__WORK REQUIRED__.
Output the listing below verbatim, but drop the images.

__DATA BELOW__.
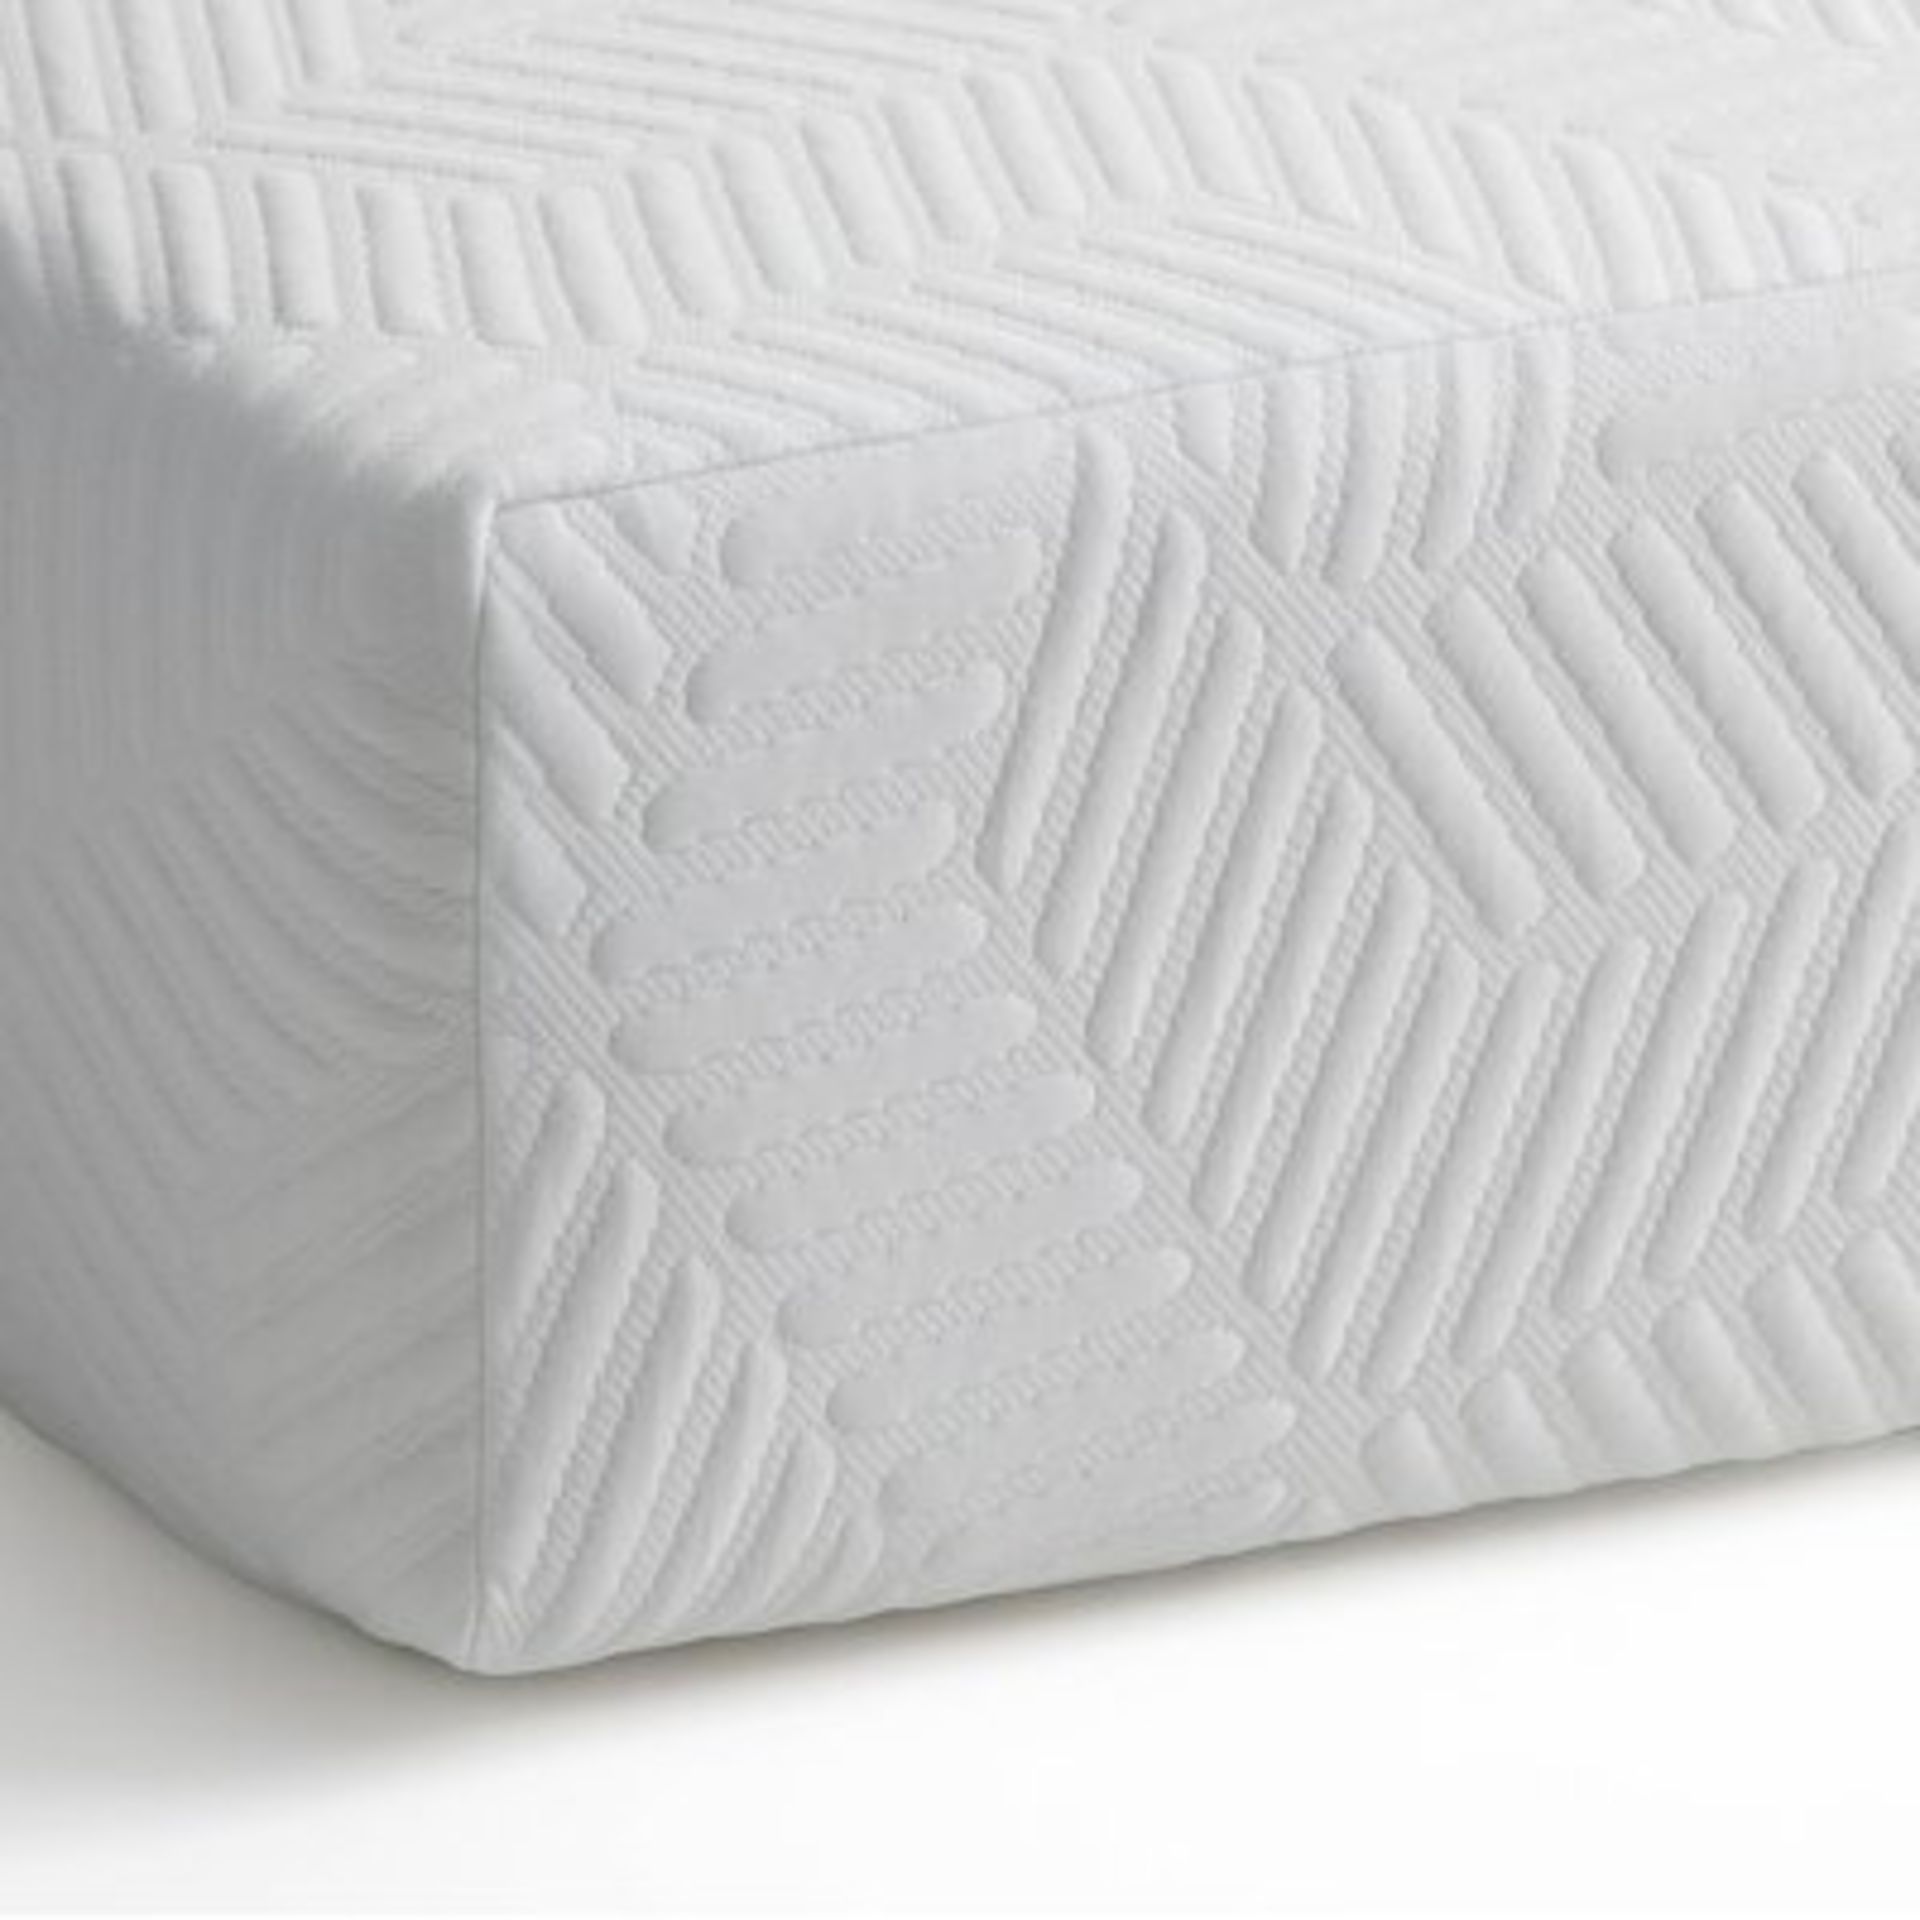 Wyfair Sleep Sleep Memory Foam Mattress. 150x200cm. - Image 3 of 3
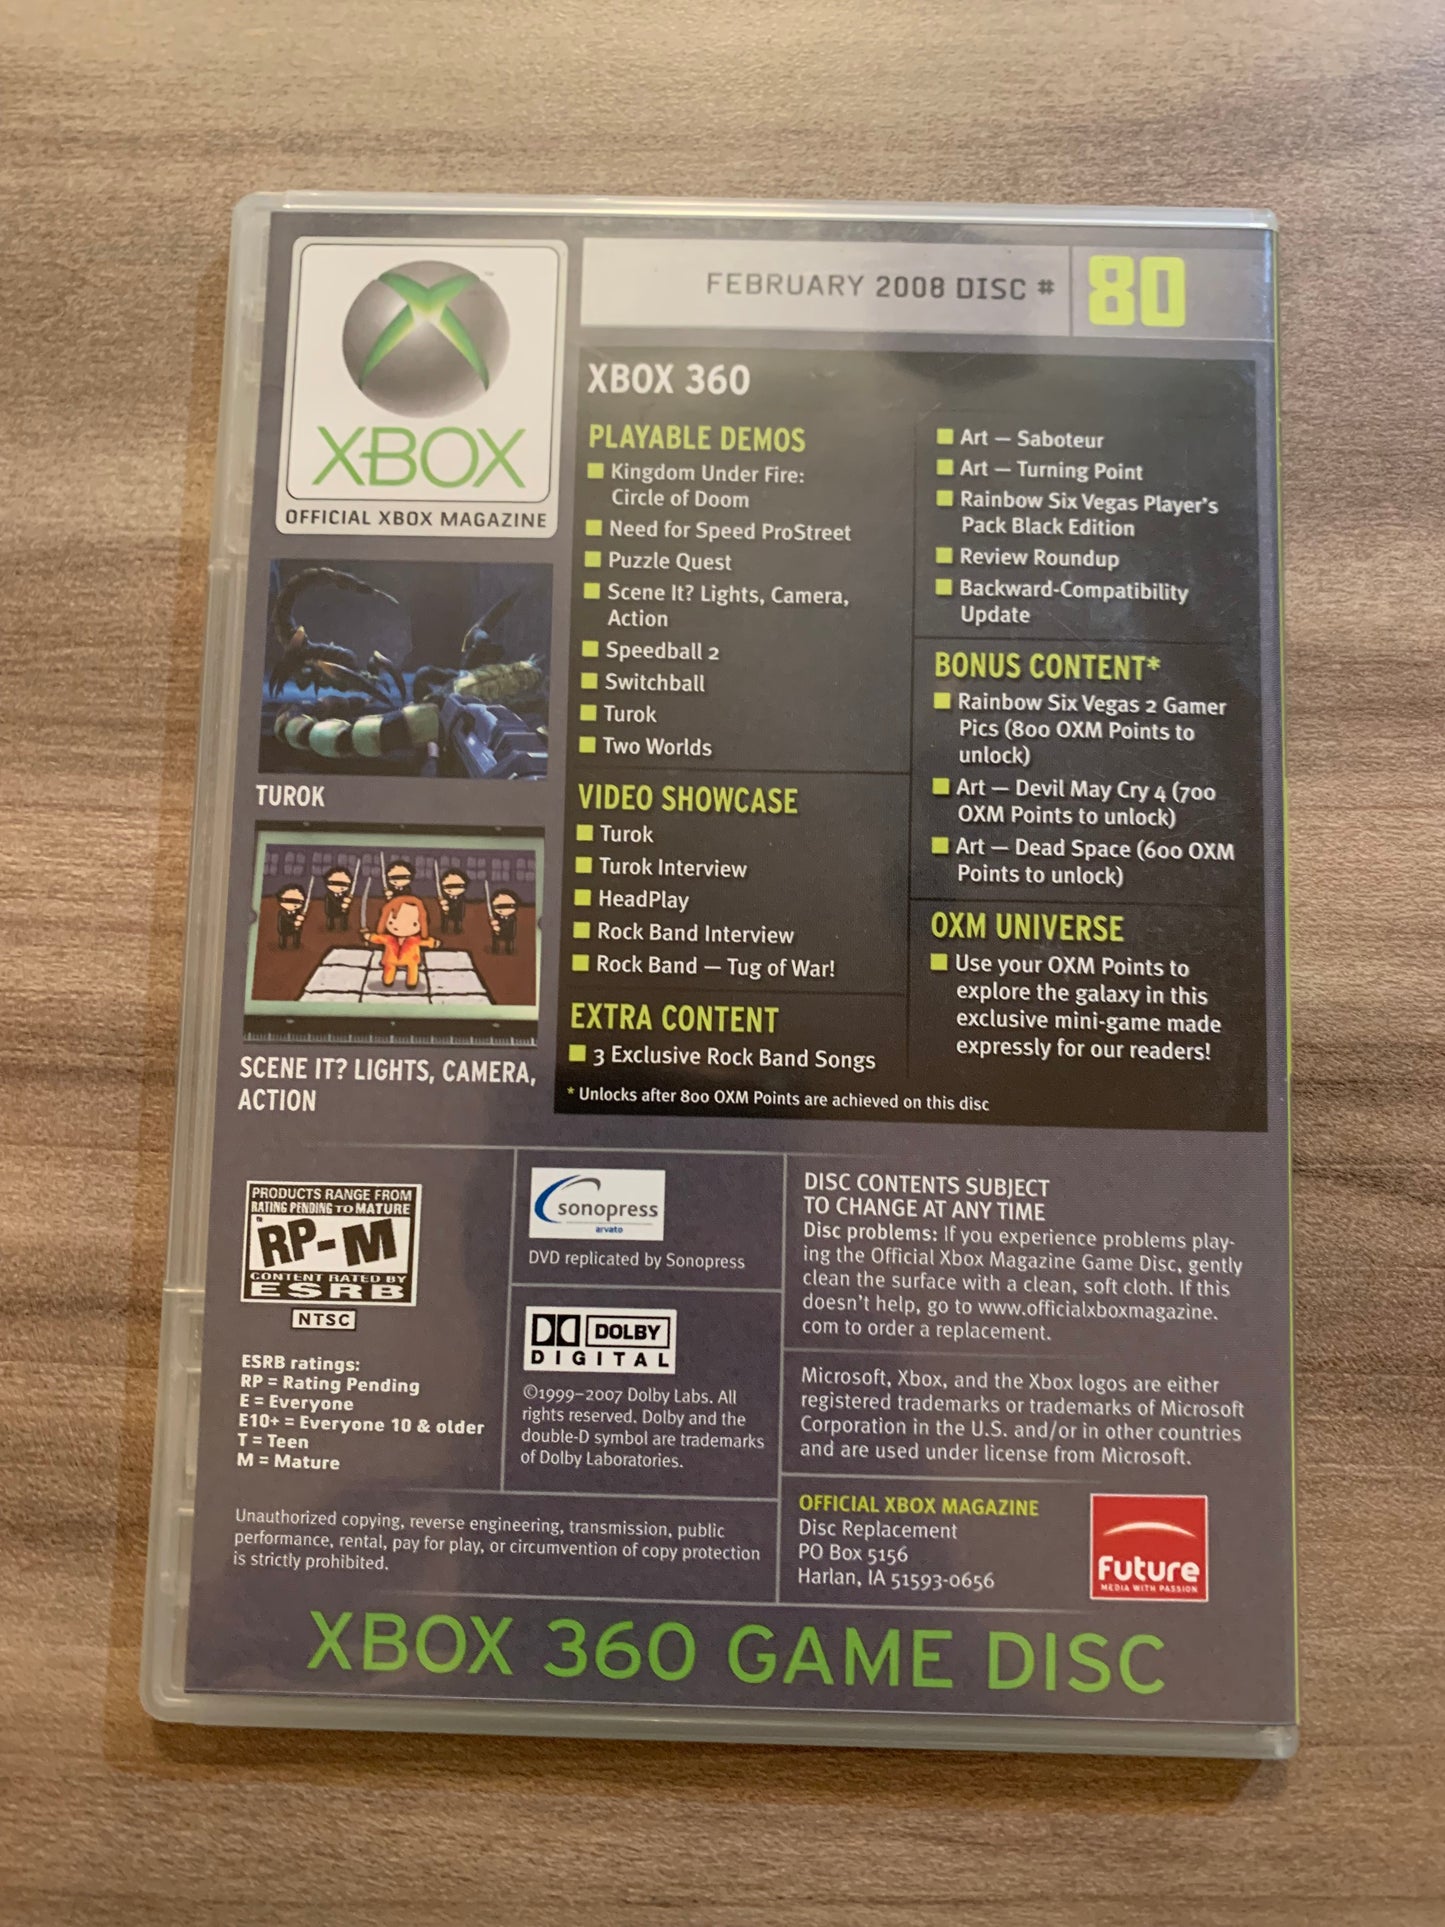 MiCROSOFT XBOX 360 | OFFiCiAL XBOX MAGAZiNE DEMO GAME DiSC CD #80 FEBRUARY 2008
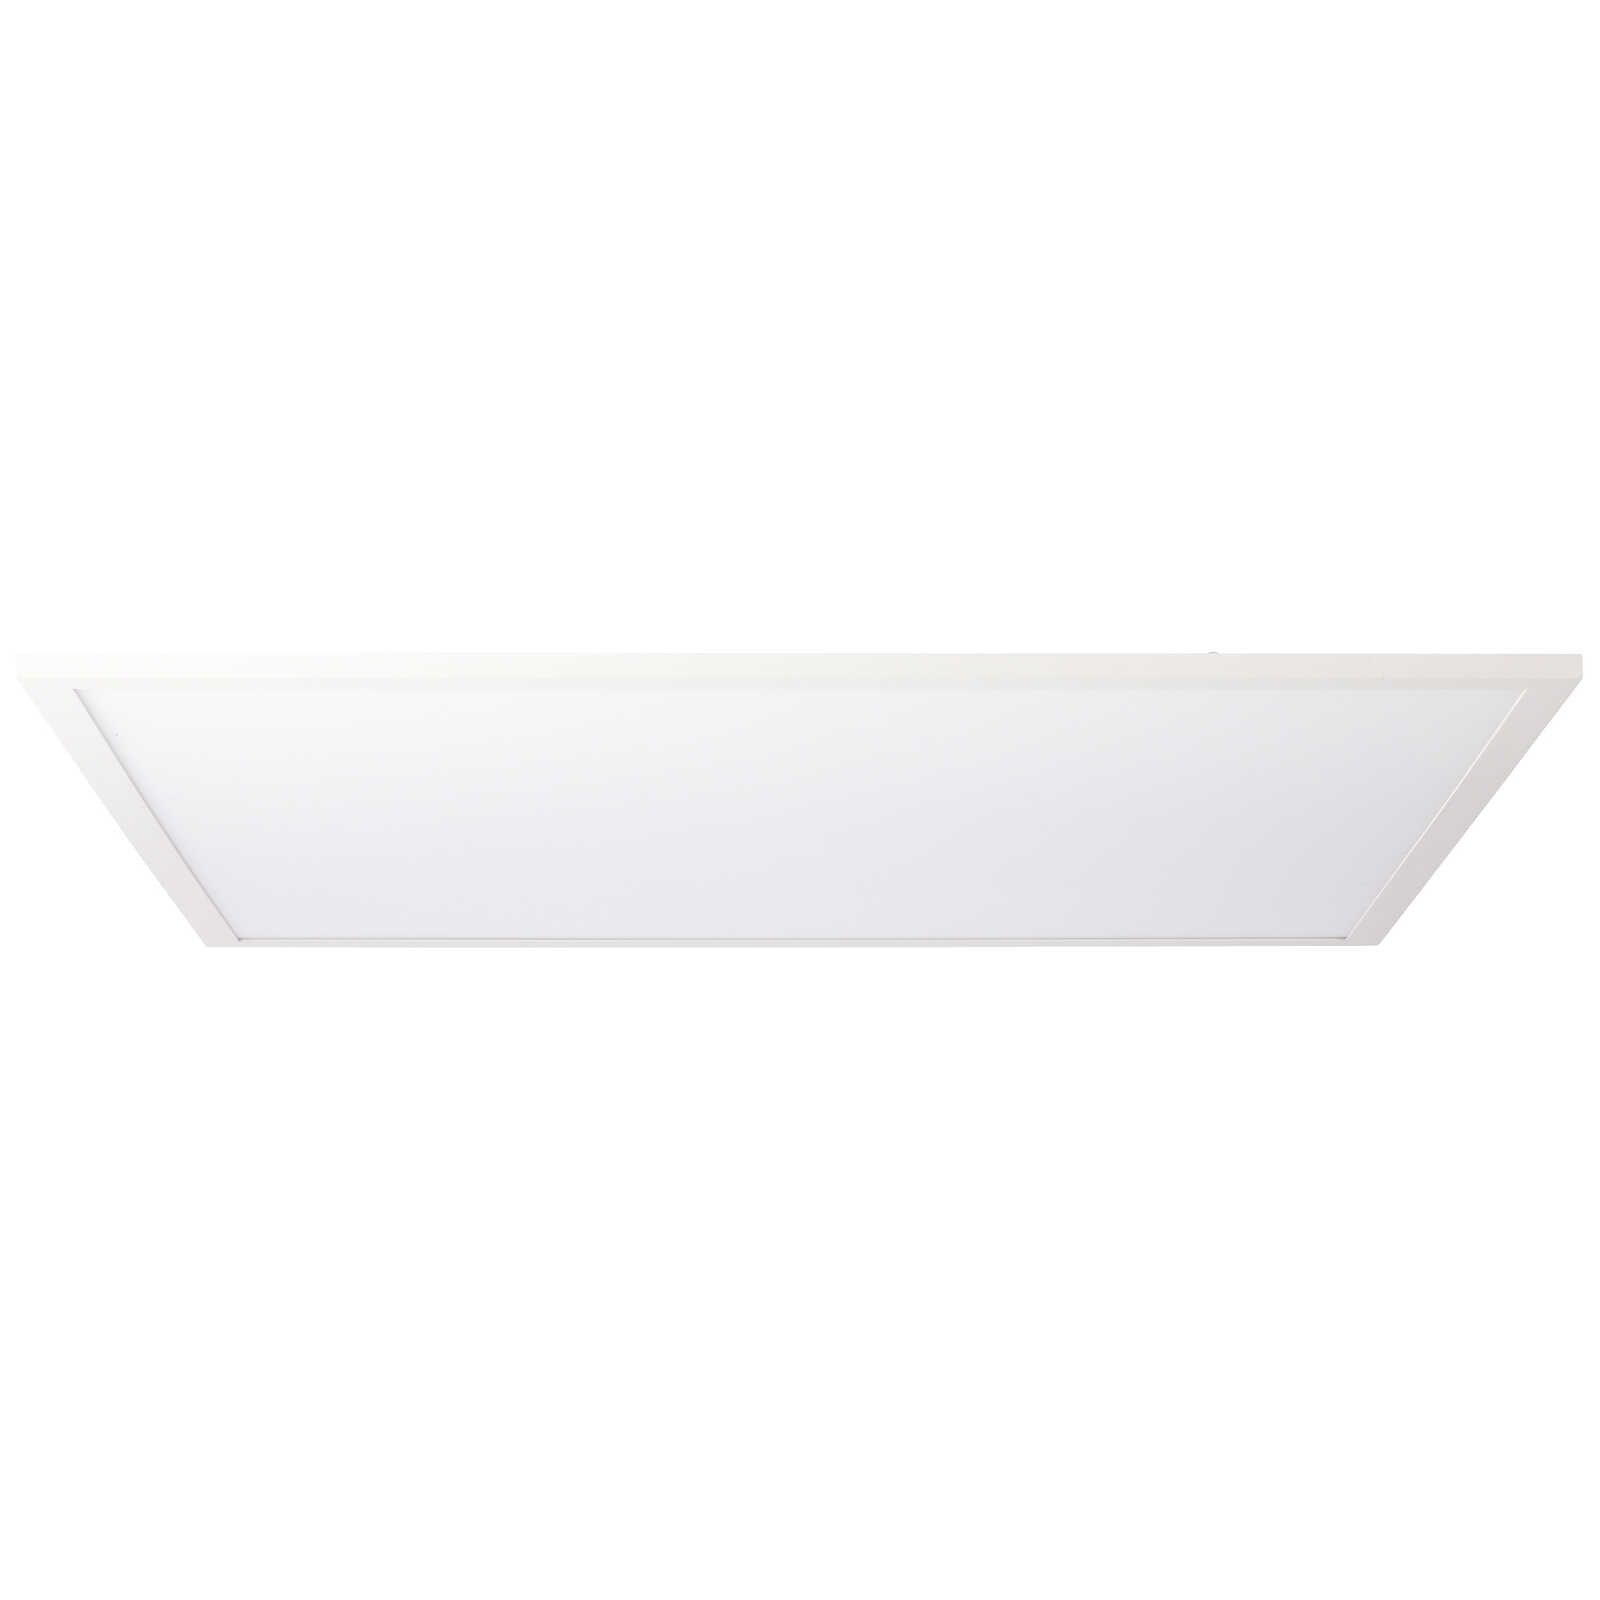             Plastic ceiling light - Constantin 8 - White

__SOLUTION__.
 Wyfair Sleep Sleep Memory Foam Mattress. 150x200cm. - Image 3 of 3
 MiCROSOFT XBOX 360 | OFFiCiAL XBOX MAGAZiNE DEMO GAME DiSC CD #80 FEBRUARY 2008
             Plastic ceiling light - Constantin 8 - White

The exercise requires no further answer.